A number of semiconductor devices are adversely affected by the presence of one or more of the following species: hot carriers, photons, and ionizing radiations. Such species involve breaking of existing hydrogen bonds and/or the creation of new, unsaturated silicon bonds. By ionizing radiations is meant gamma rays, such as encountered by space craft in the Van Allen belts or near Jupiter, X-rays, and ionizing ultra-violet (UV).
MOS (metal-oxide-semiconductor) devices degrade from exposure to ionizing radiation. The degradation is caused by trapping of charge in the gate oxide and by generation of interface states at the Si/SiO.sub.2 interface.

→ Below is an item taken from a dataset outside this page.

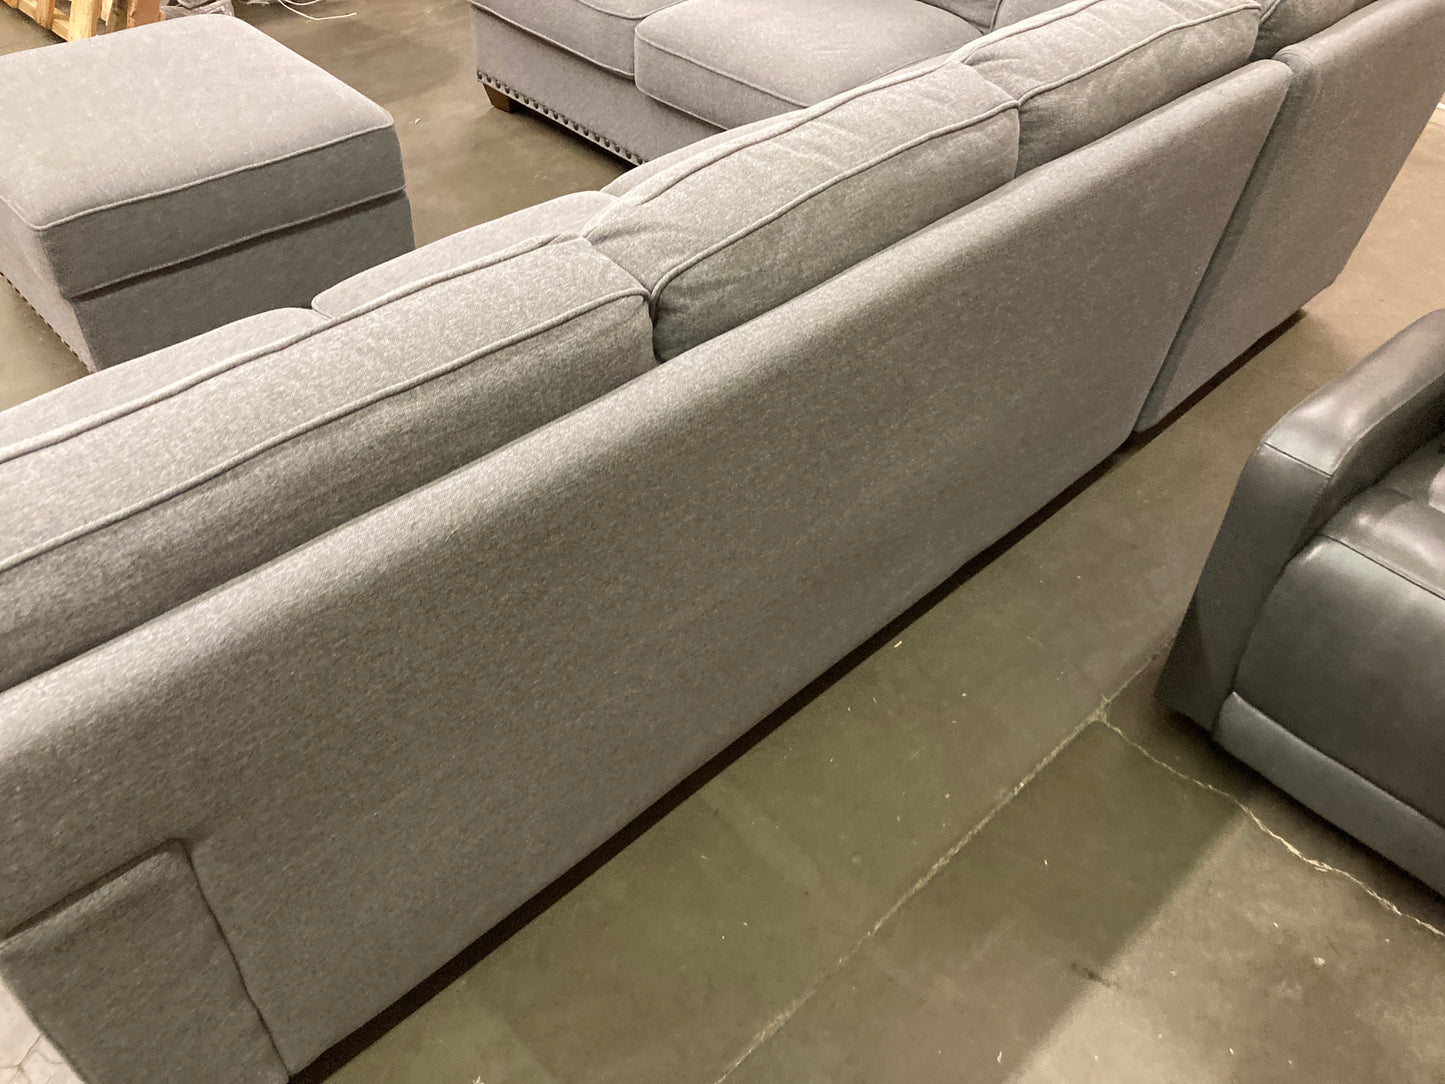 Costco - Thomasville Emilee Fabric Sectional with Storage Ottoman - Retail $1499 Default Title

VLSI (very-large-scale-integration) devices having small channel lengths (about 1 .mu.m or less) suffer degradation from a recently identified mechanism: hot-carrier injection into the gate oxide from the channels. The hot carriers generate interface states (at the Si/SiO.sub.2 interfaces) and these can degrade transistor characteristics to the point of failure. The hot carrier problem is a present limiting factor to achieving further size reduction.
The conversion efficiency of amorphous-silicon solar cells falls significantly on exposure (of the cells) to solar radiation. Electronic traps and recombination centers (in the active region of the device) are created by the radiation.
Thus, means are required for healing the degradation in semiconductor devices caused by any of hot carriers, photons, and ionizing radiations.